Exercise aim =
Only one stretch of the data below is needed: the line with "Strawberry tongue, erotica." through the last line. Output it exactly and drop the pictures.

Data =
########
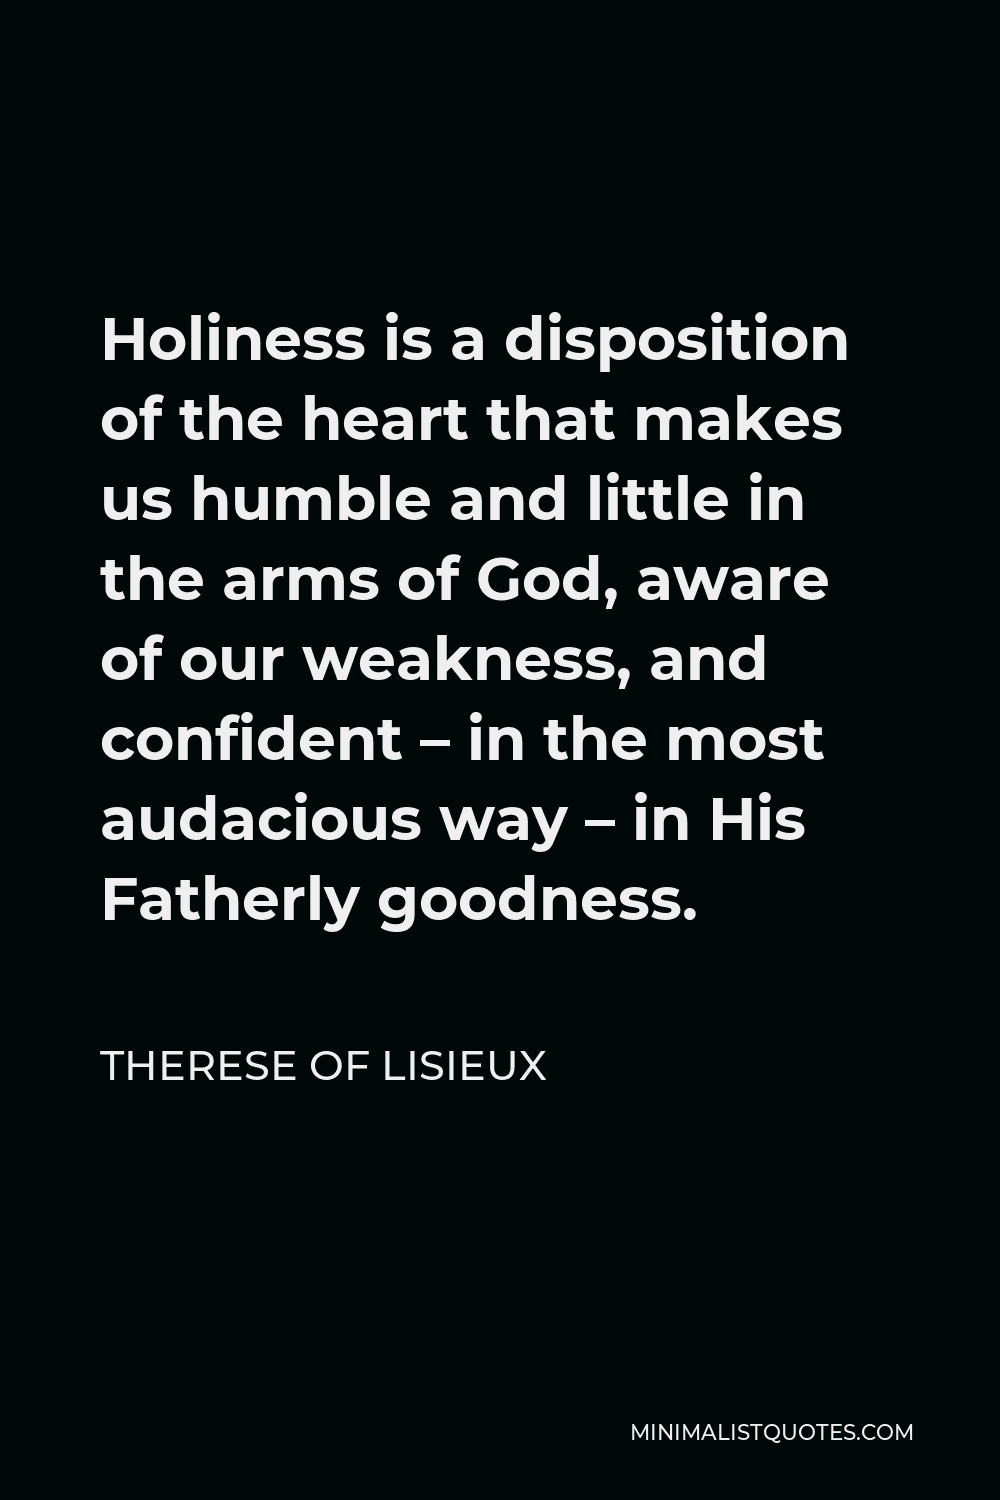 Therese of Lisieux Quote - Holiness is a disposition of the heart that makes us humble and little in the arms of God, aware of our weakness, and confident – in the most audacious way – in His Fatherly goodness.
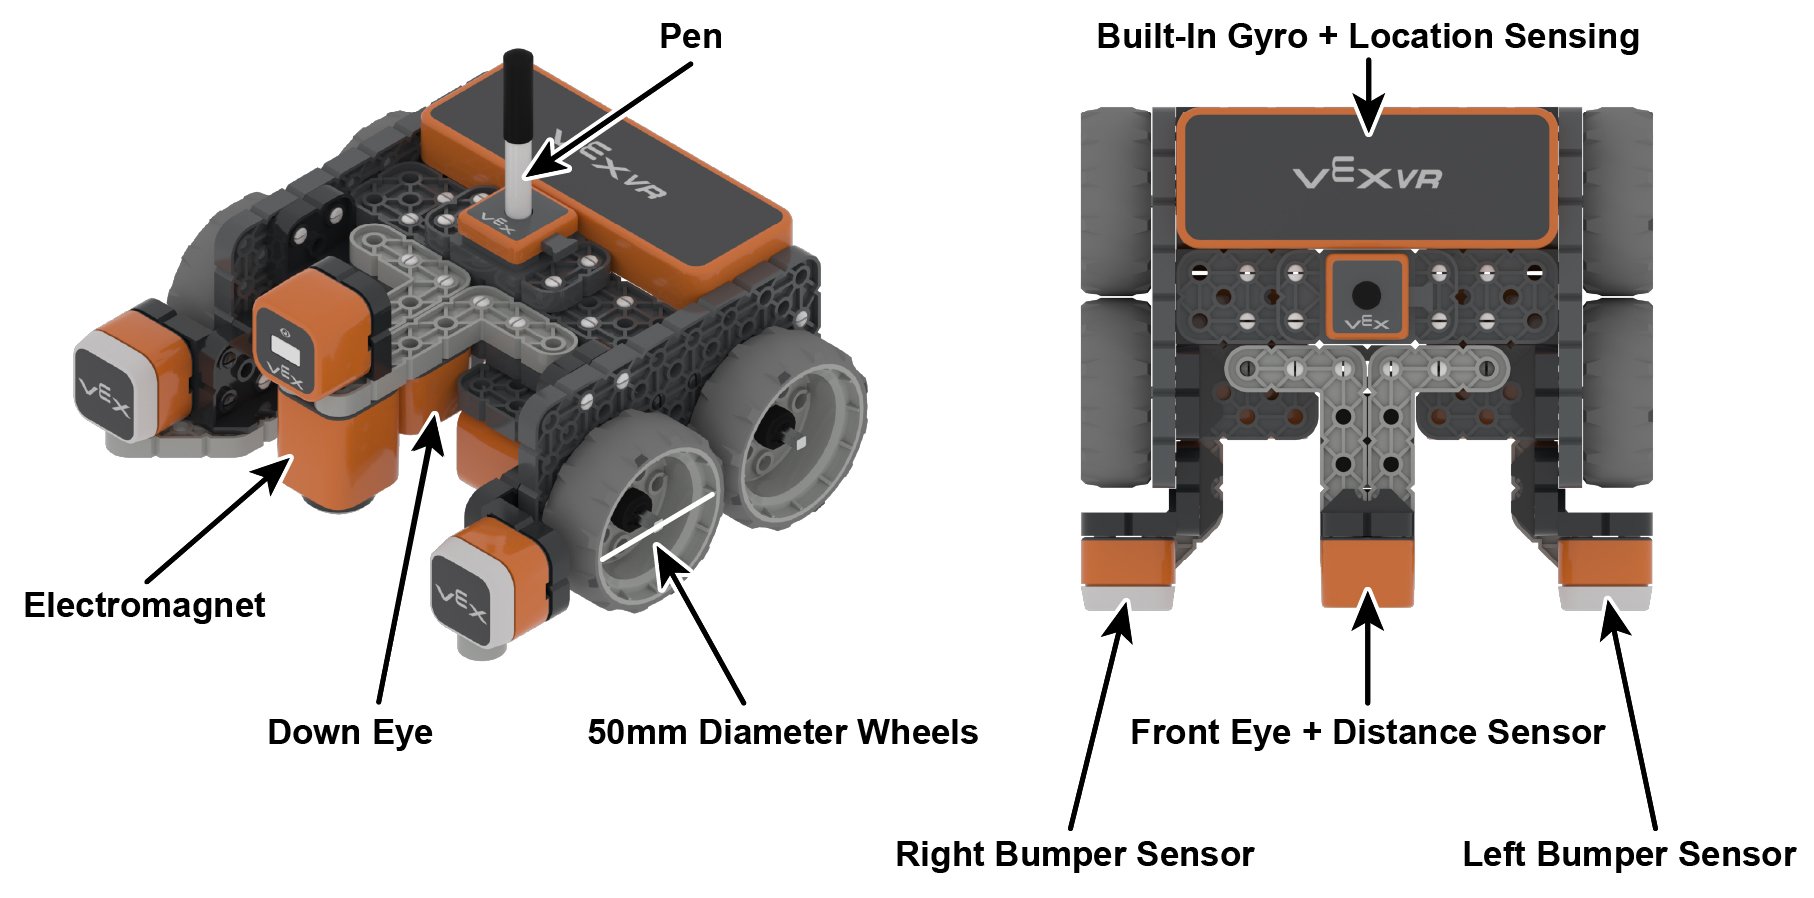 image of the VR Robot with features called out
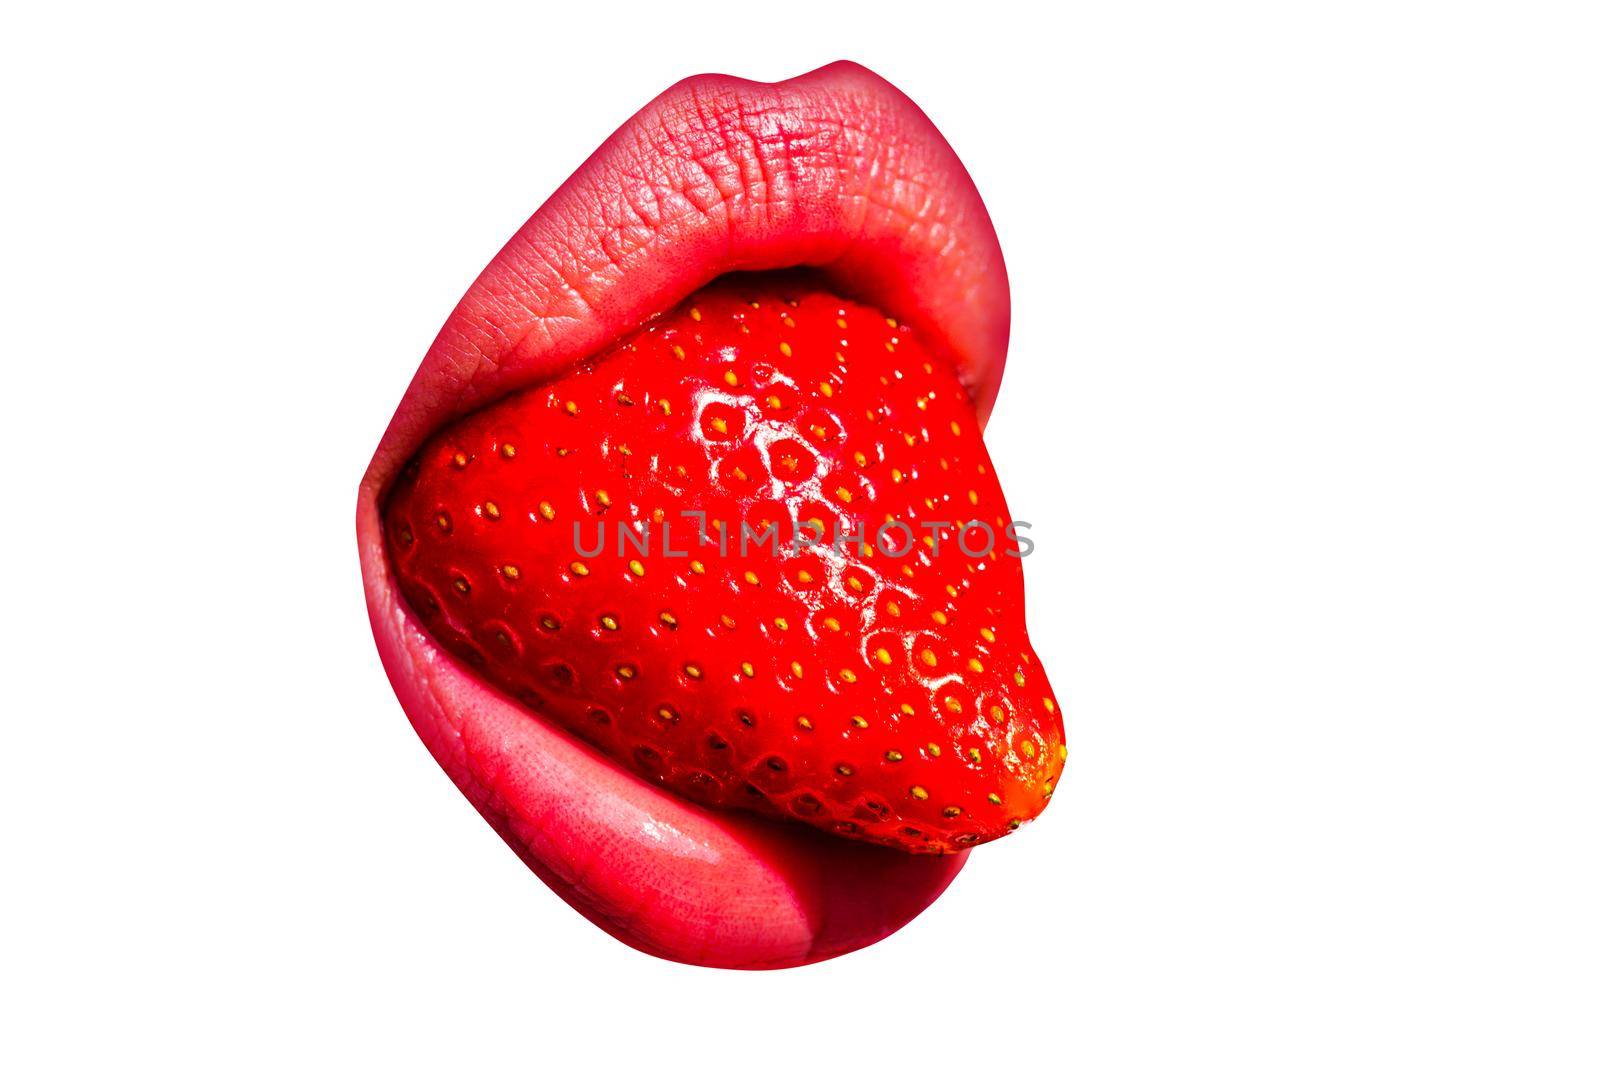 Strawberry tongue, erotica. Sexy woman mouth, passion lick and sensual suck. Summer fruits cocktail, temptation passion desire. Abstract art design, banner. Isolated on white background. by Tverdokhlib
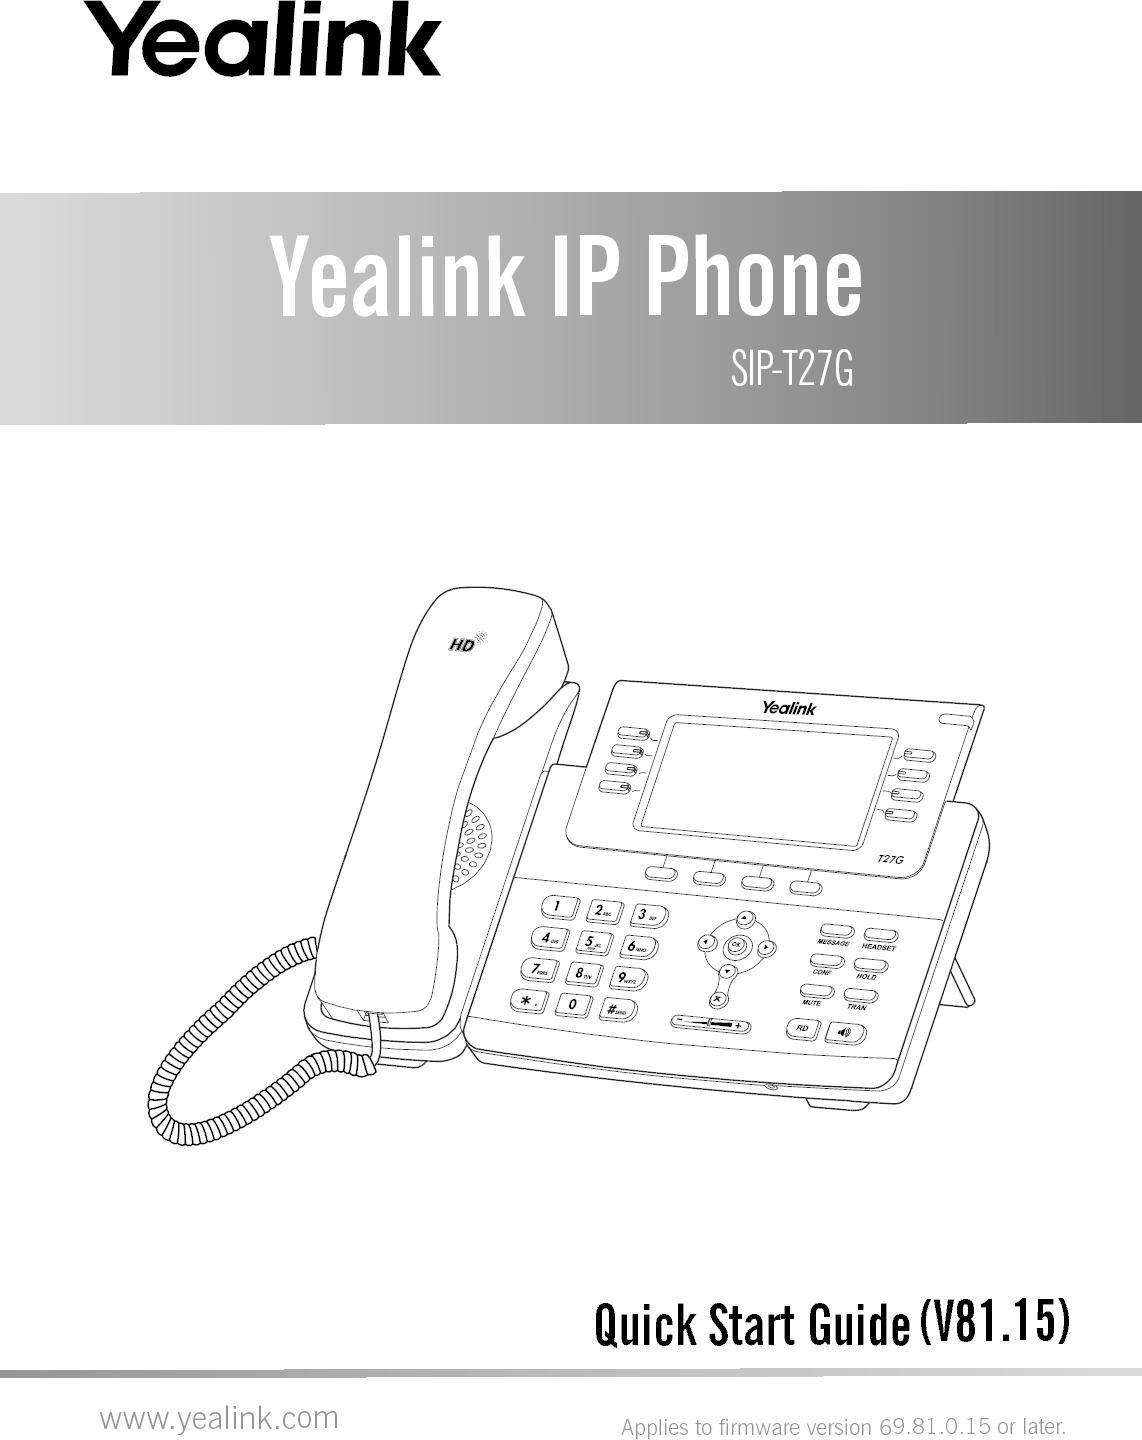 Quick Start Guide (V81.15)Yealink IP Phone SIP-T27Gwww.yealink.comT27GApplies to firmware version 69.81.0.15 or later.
########
Expected answer =
 Strawberry tongue, erotica. Sexy woman mouth, passion lick and sensual suck. Summer fruits cocktail, temptation passion desire. Abstract art design, banner. Isolated on white background. by Tverdokhlib
 Quick Start Guide (V81.15)Yealink IP Phone SIP-T27Gwww.yealink.comT27GApplies to firmware version 69.81.0.15 or later.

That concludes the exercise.